La chef de la diplomatie américaine a aussi déclaré, « Je suis à peu près certaine qu’ils (les Iraniens) font l’objet d’une pression exceptionnelle de la part des Russes et des Chinois pour qu’ils arrivent à Moscou en étant prêt à donner leur réponse. Cette réponse est-elle adéquate ou non, nous aurons à l’apprécier ». Pourtant, la Chine a maintenu ses importations d’hydrocarbures en dépit des appels internationaux au boycott. De plus, lors du sommet de l’organisation de Coopération de Shanghai (OCS). La Chine et la Russie ont conclu jeudi le sommet annuel en affirmant leur opposition à l’usage de la force contre l’Iran et la Syrie.

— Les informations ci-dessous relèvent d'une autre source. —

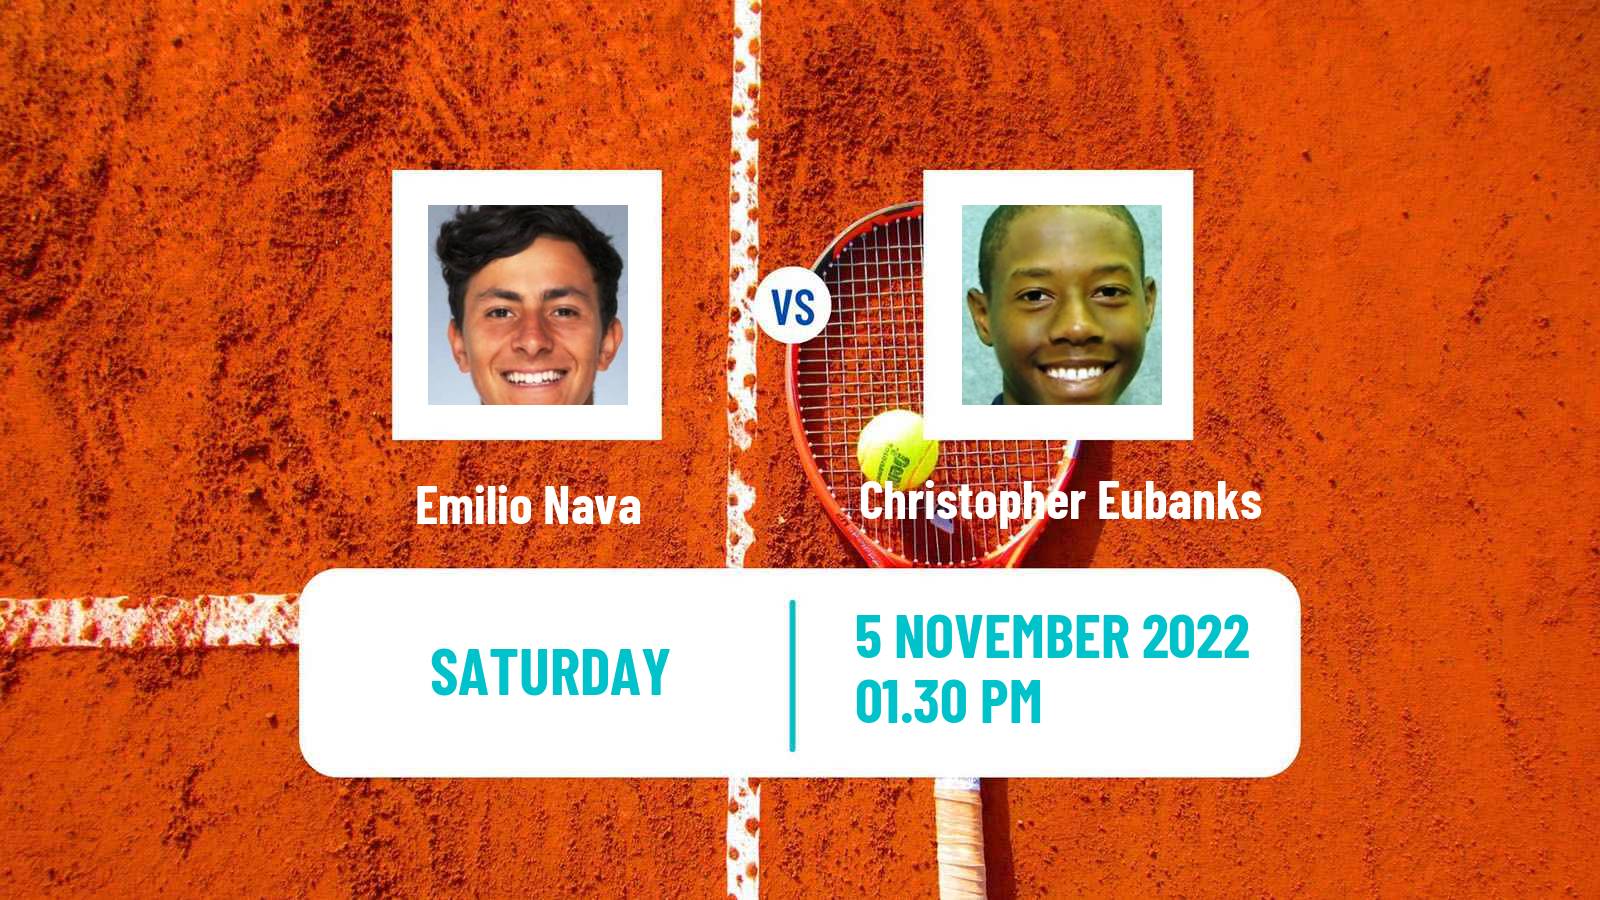 Tennis ATP Challenger Emilio Nava - Christopher Eubanks
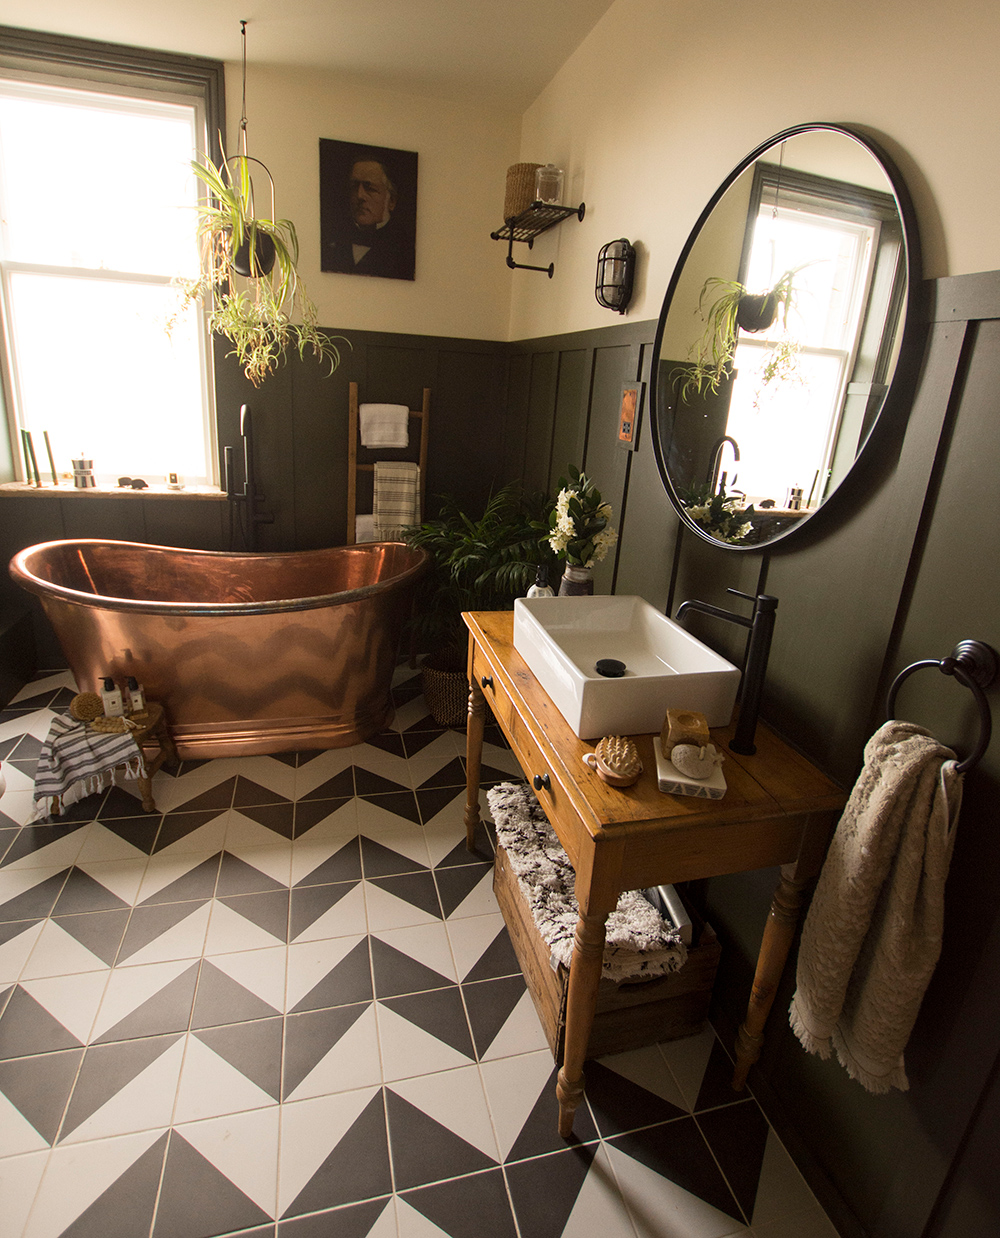 Bathroom inspiration - copper bathtub with monochrome patterned floor tiles

Les « Six » trop optimistes ?
L’Iran fait partie des pays ayant le rang d’observateurs à l’OCS et le président iranien Mahmoud Ahmadinejad, qui se trouvait jeudi à Pékin, s’est entretenu en fin de journée avec le président russe Vladimir Poutine. « Nous avons toujours soutenu le droit du peuple iranien aux technologies modernes, parmi lesquelles l’usage pacifique de l’énergie atomique. Mais je veux insister sur le fait que nous parlons bien d’utilisation pacifique. Vous connaissez notre position », a déclaré M. Poutine à son homologue iranien.
« La façon dont évolue la situation dans la région et dans le monde exige une coopération plus vaste et plus marquée entre l’Iran et la Russie. En d’autres mots, l’Iran et la Russie sont désormais du même côté de la barricade », a estimé de son côté le président iranien.
Les positions annoncées par Hillary Clinton ne sont pas tout à fait celles de Moscou et Pékin. Un tandem qui s’affirme de plus en plus sur l’échiquier international de la diplomatie, ancien jardin des Etats-Unis qui perdent quant à eux de plus en plus de crédit sur le dossier iranien. Car il est hypocrite de parler « d’usage pacifique » du nucléaire par l’Iran étant donné les déclarations récurrentes de Mahmoud Ahmadinejad. La république Islamique veut se libérer de la pression atomique exercée à l’ouest par Israël et à l’est par le Pakistan.
L’Union Européenne essaye maintenant de calmer le jeu, il y a quelques mois Alain Juppé menaçait l’Iran de « sanctions d’une ampleur sans précédent« . Aujourd’hui, selon un communiqué du Conseil suprême de sécurité nationale (CSSN) iranien qui gère le dossier nucléaire, Mme Ashton a indiqué à M. Jalili que les grandes puissances étaient « prêtes à discuter de la proposition en cinq points de la République islamique faite à Bagdad sur les questions nucléaires et non nucléaires ». Un changement de ton qui n’est surement pas anodin à la crise durable qui s’installe en Europe.